Hak pilih penyandang disabilitas mental lahir dari perjuangan panjang para penyandang dan organisasi masyarakat yang fokus pada isu disabilitas.
"KPU bukan ujug-ujug mendaftar, KPU mendaftar orang gangguan jiwa adalah sebagai pemenuhan hak-hak penyandang disabilitas mental yang sudah diperjuangkan sejak lama dan bertahun-tahun," ujar Yeni dalam diskusi bertajuk 'Hak Memilih Penyandang Disabilitas Mental Harus Dijamin Negara' di kantor Badan Pengawas Pemilu (Bawaslu), Jakarta Pusat, Sabtu (24/11/2018).
Yeni mengatakan, orang dengan gangguan jiwa kerap dianggap bukan warga negara.
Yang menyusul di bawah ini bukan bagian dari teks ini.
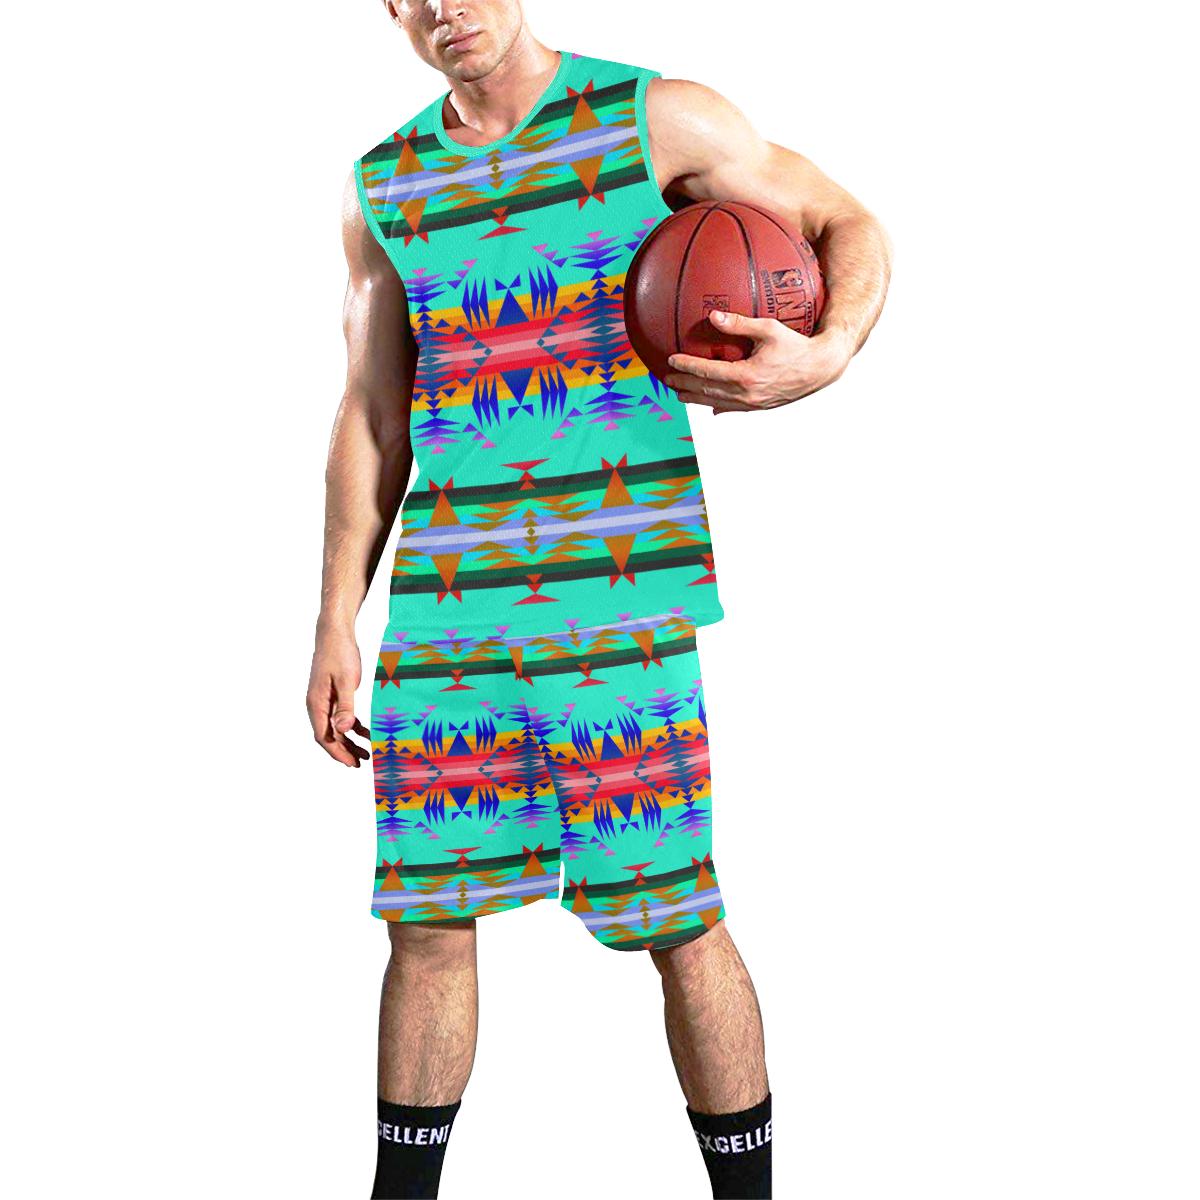 Between the Mountains Spring All Over Print Basketball Uniform Basketball Uniform e-joyer

Sehingga, banyak yang menganggap mereka tidak punya hak pilih dalam Pemilu.
Padahal, orang dengan gangguan jiwa punya hak dasar yang sama dengan warga negara lainnya.
Persoalan mengenai hak pilih penyandang disabilitas mental pun, bukan hal yang baru. Sejak pemilu 2014, hak pilih penyandang disabilitas mental sudah diakomodasi dengan baik.
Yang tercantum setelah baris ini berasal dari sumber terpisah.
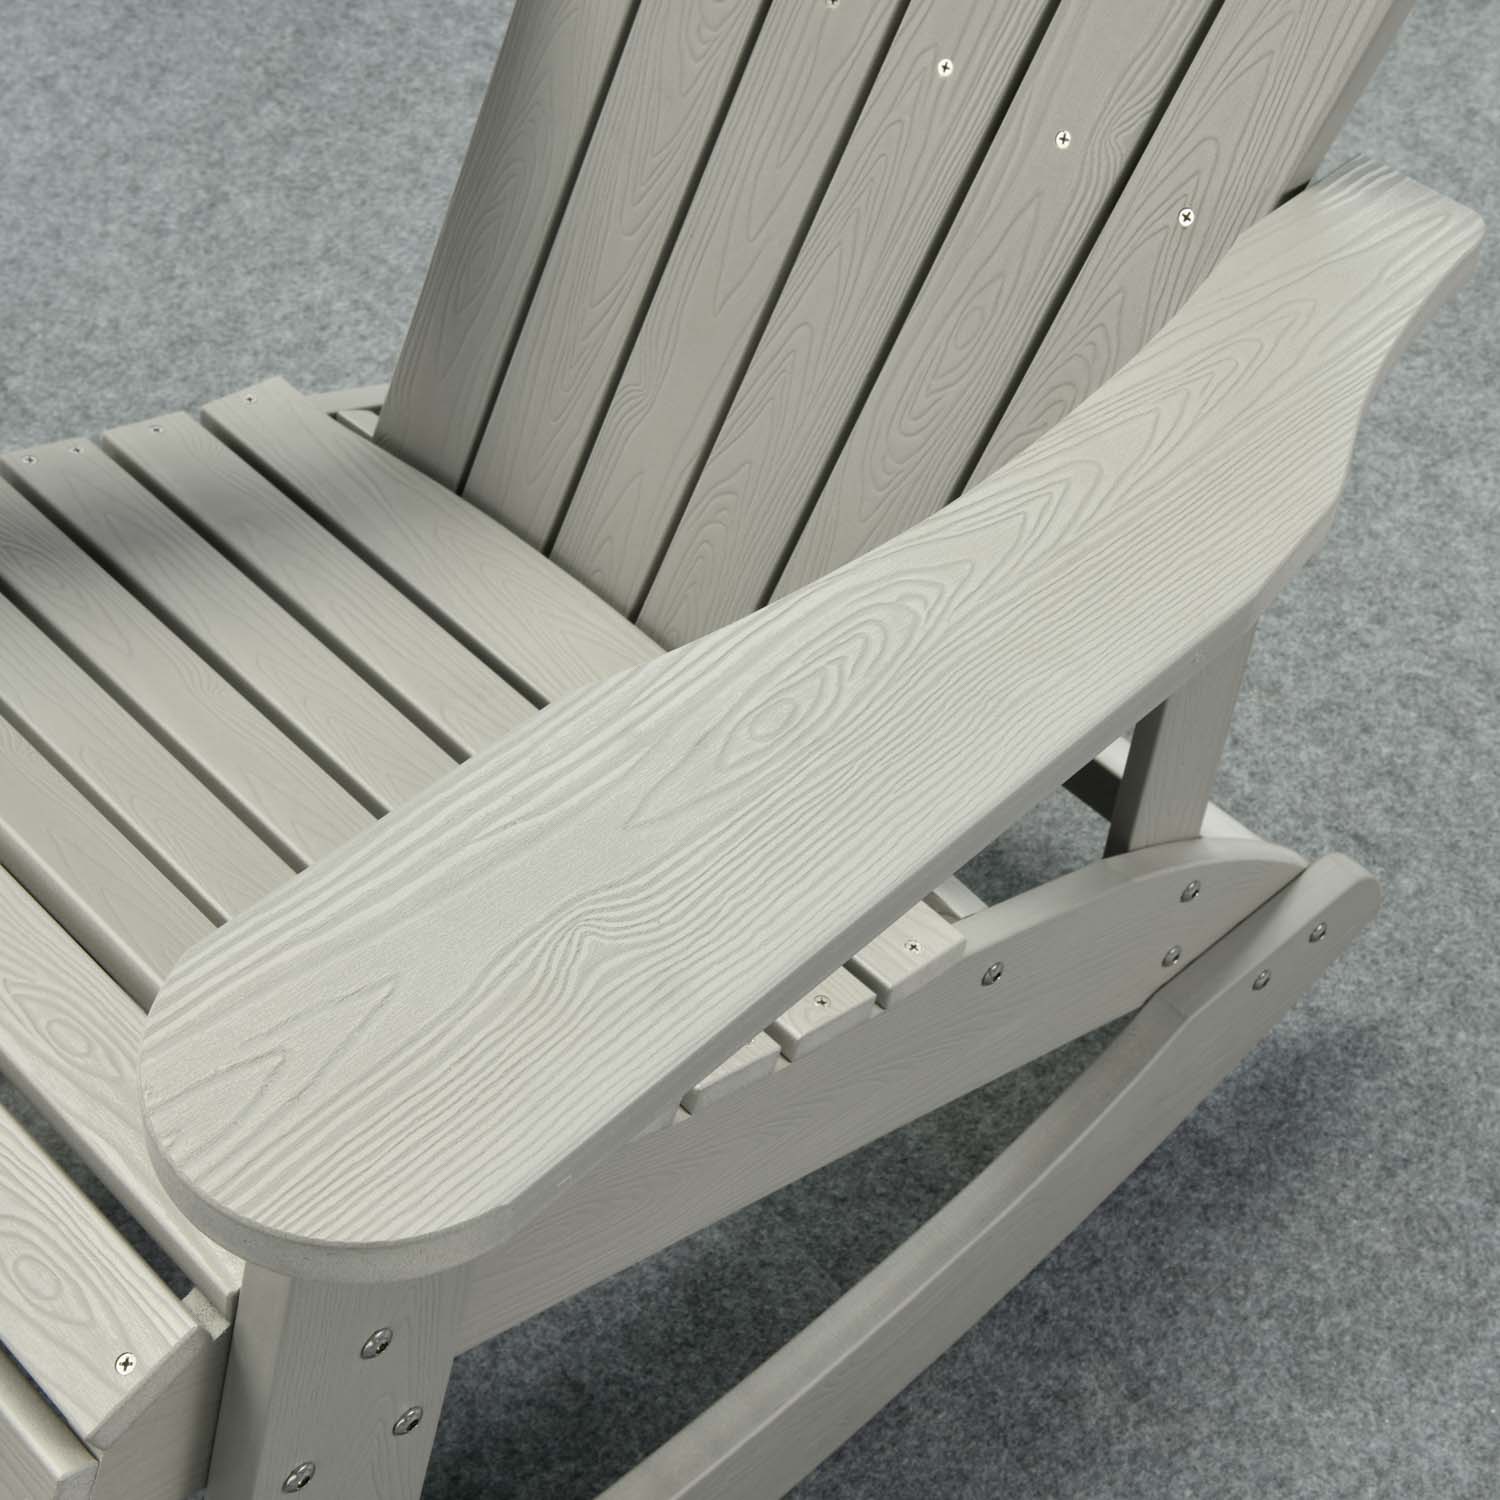 Ovios Outdoor Adirondack Rocker Chair, Waterproof Lounge Chair

"Mulai terlihat Pemilu tahun 2014, KPU mengeluarkan surat edaran kepada seluruh KPU di daerah untuk mendaftar penyandang disabilitas mental (ke DPT), mengizinkan pendamping pemilih, menyediakan TPS khusus," ujar Yeni.
Pada Pemilu 2014 itu pun, banyak penyandang disabilitas mental yang sudah menggunakan hak pilihnya.
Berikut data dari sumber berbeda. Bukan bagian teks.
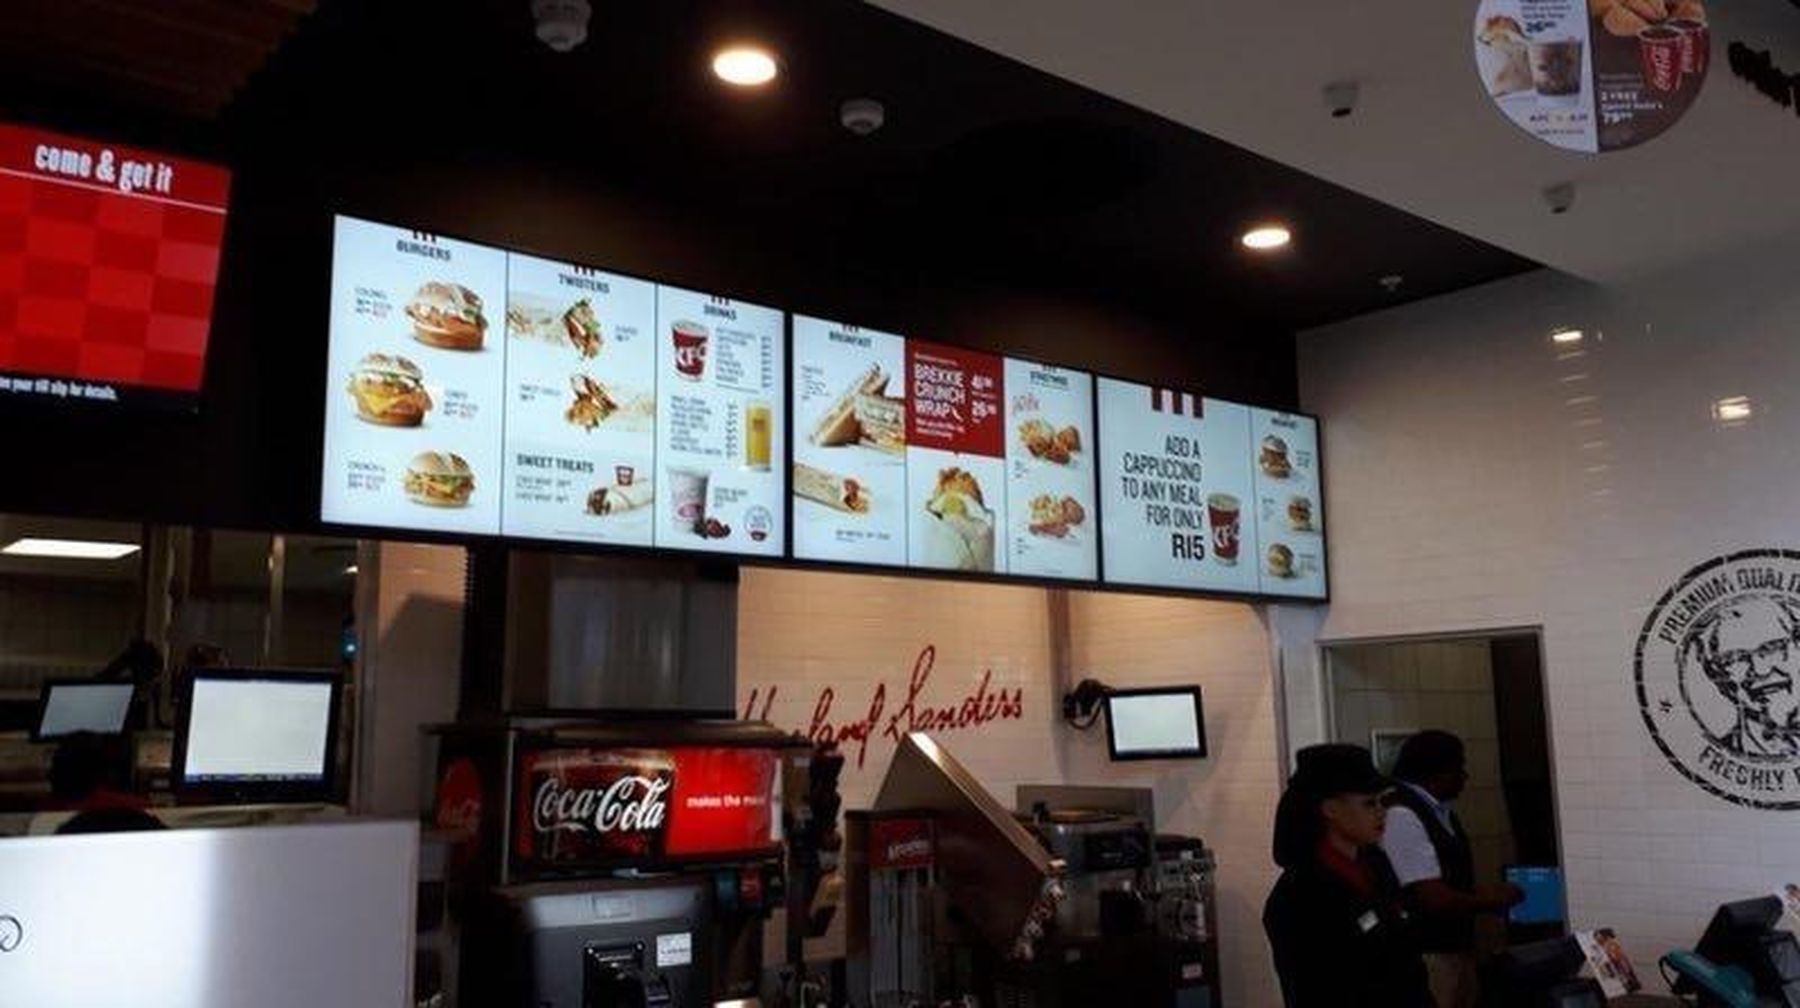 digital menu boards for restaurants

Sejumlah rumah sakit jiwa di Indonesia memfasilitasi pasien-pasiennya menggunakan hak pilih, seperti RSJ di Bogor, Yogyakarta, Malang, Bali, Lombok, Singkawang, dan beberapa daerah di Sumatra.
Yeni justru merasa kaget jika persoalan hak pilih mereka saat ini menjadi perdebatan.
"Kita cukup kaget dan heran kenapa diributkan sekarang. Padahal diberikannya hak pilih ini merupakan perjuangan dari semua lini," tegas Yeni.